**DATASET SECTION:**
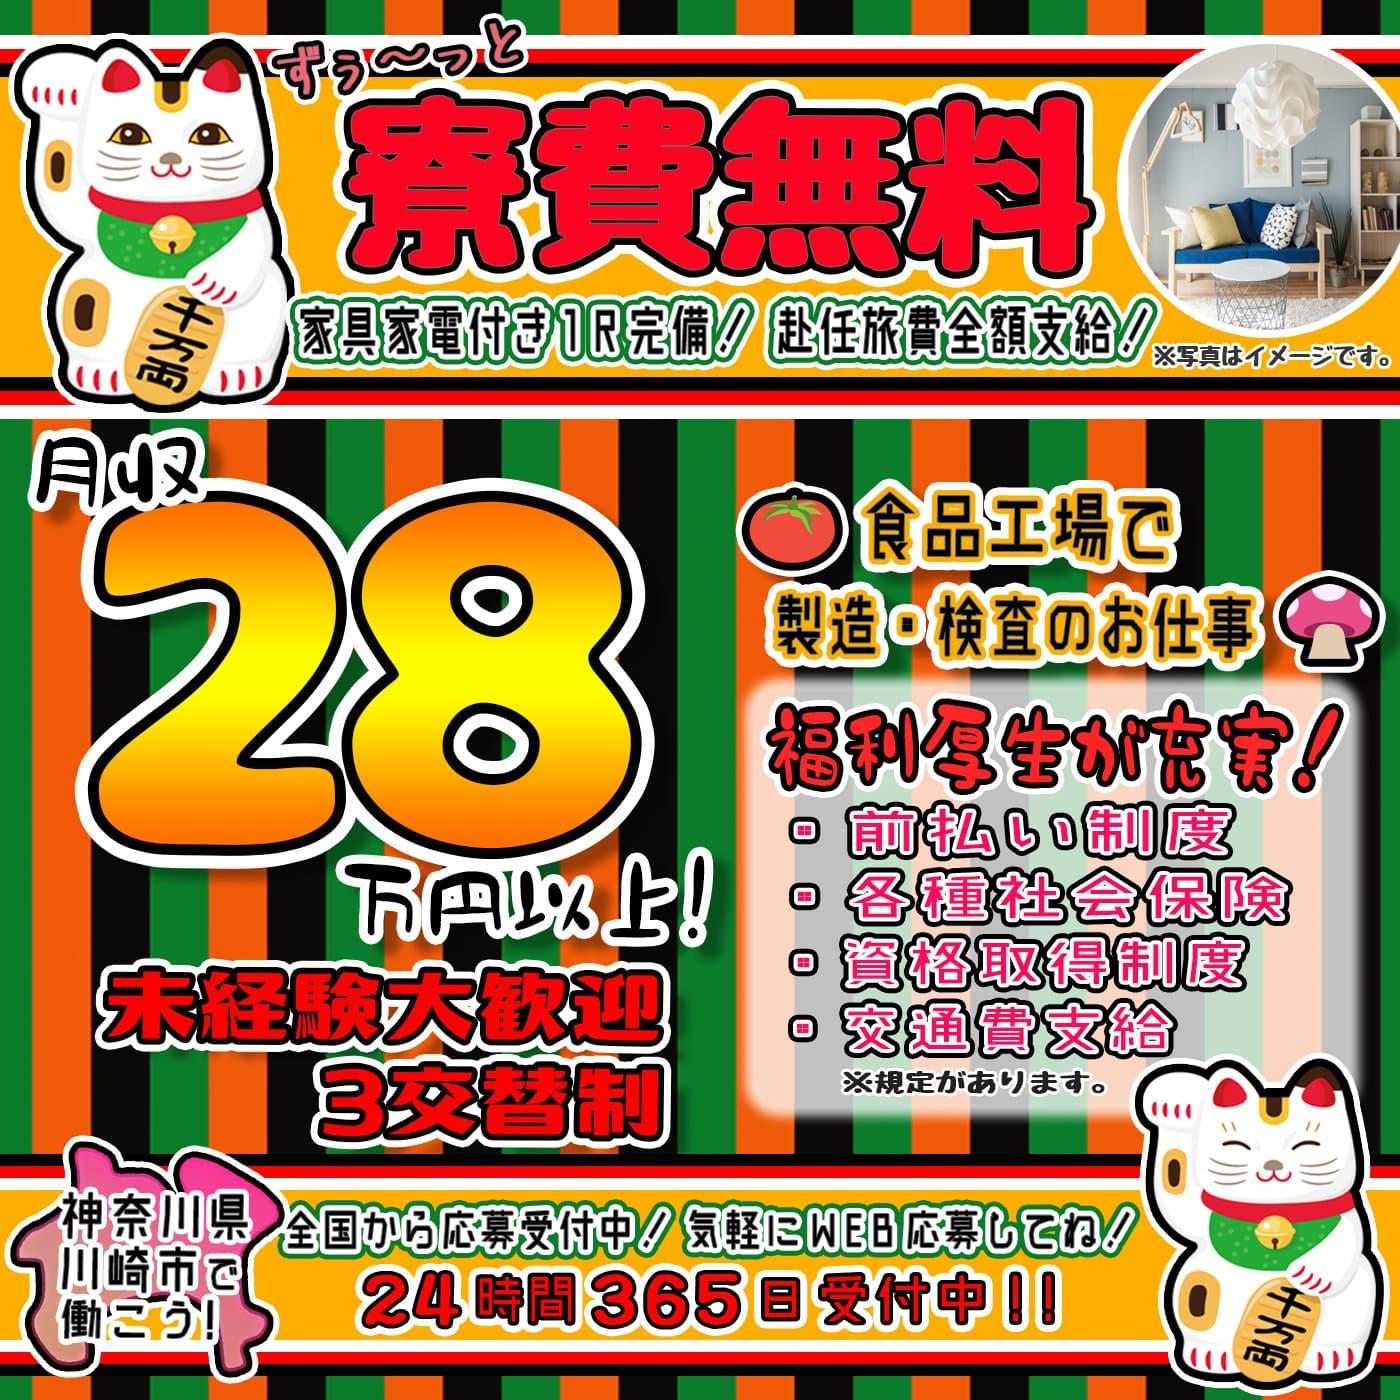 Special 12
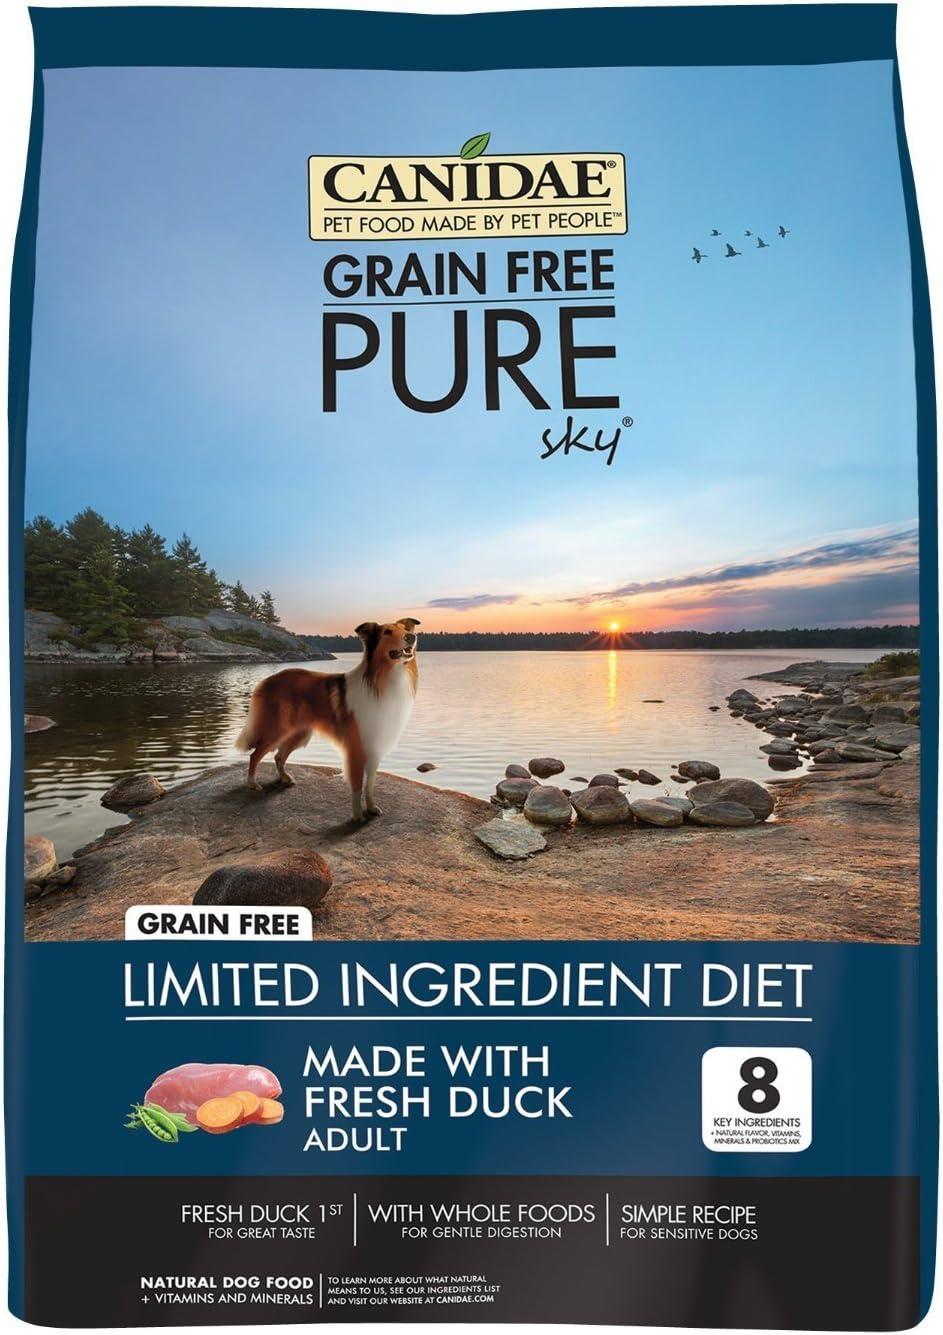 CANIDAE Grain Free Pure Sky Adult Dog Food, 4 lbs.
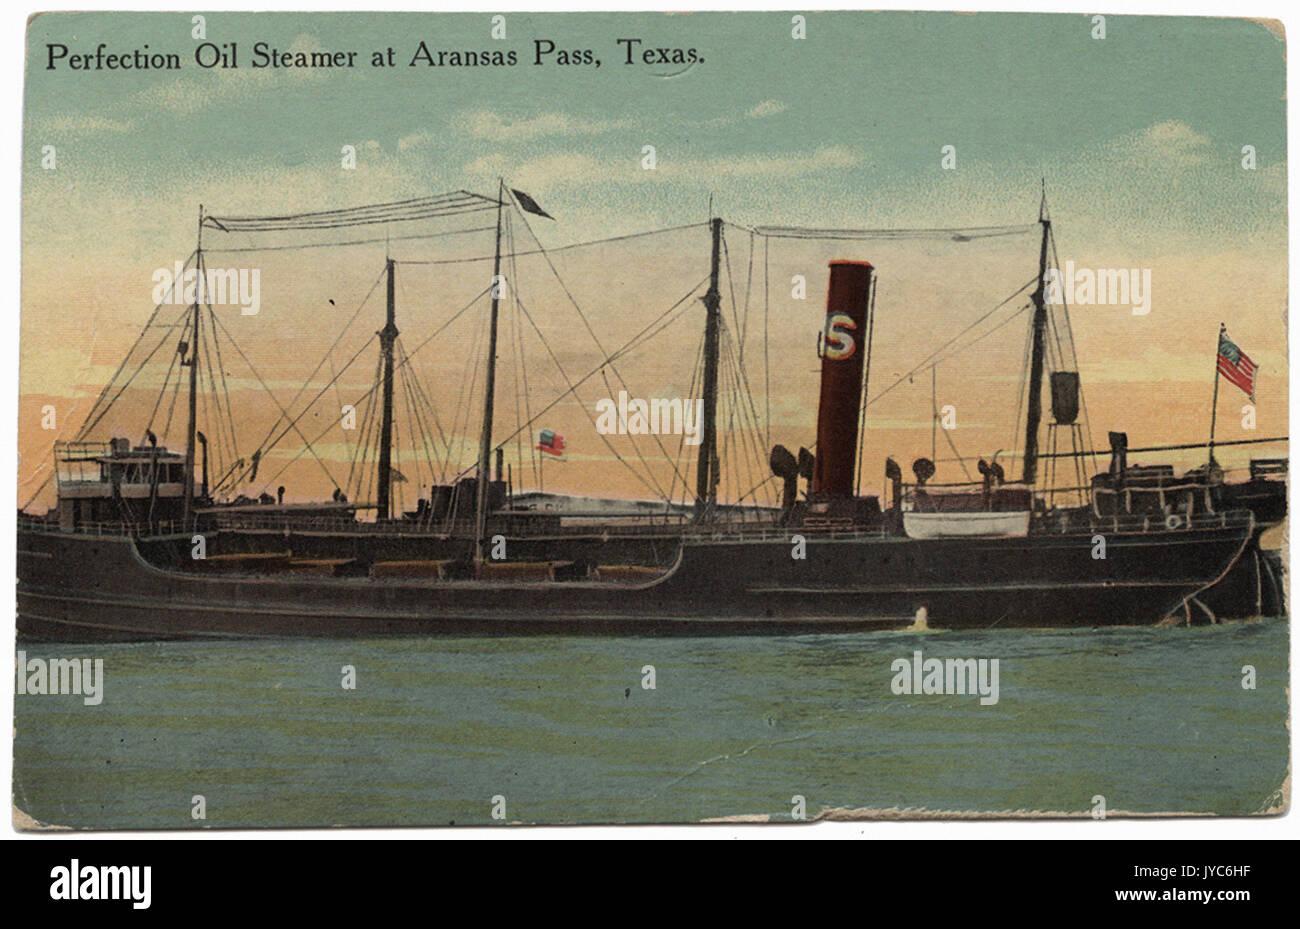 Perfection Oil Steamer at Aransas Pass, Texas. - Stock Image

**WORK REQUIRED:**
For this exercise, retype exactly, and only, the lines from the line with "CANIDAE Grain Free" through the last line of the material above, both included. Pictures stay out.

**ANSWER BELOW:**
 CANIDAE Grain Free Pure Sky Adult Dog Food, 4 lbs.
 Perfection Oil Steamer at Aransas Pass, Texas. - Stock Image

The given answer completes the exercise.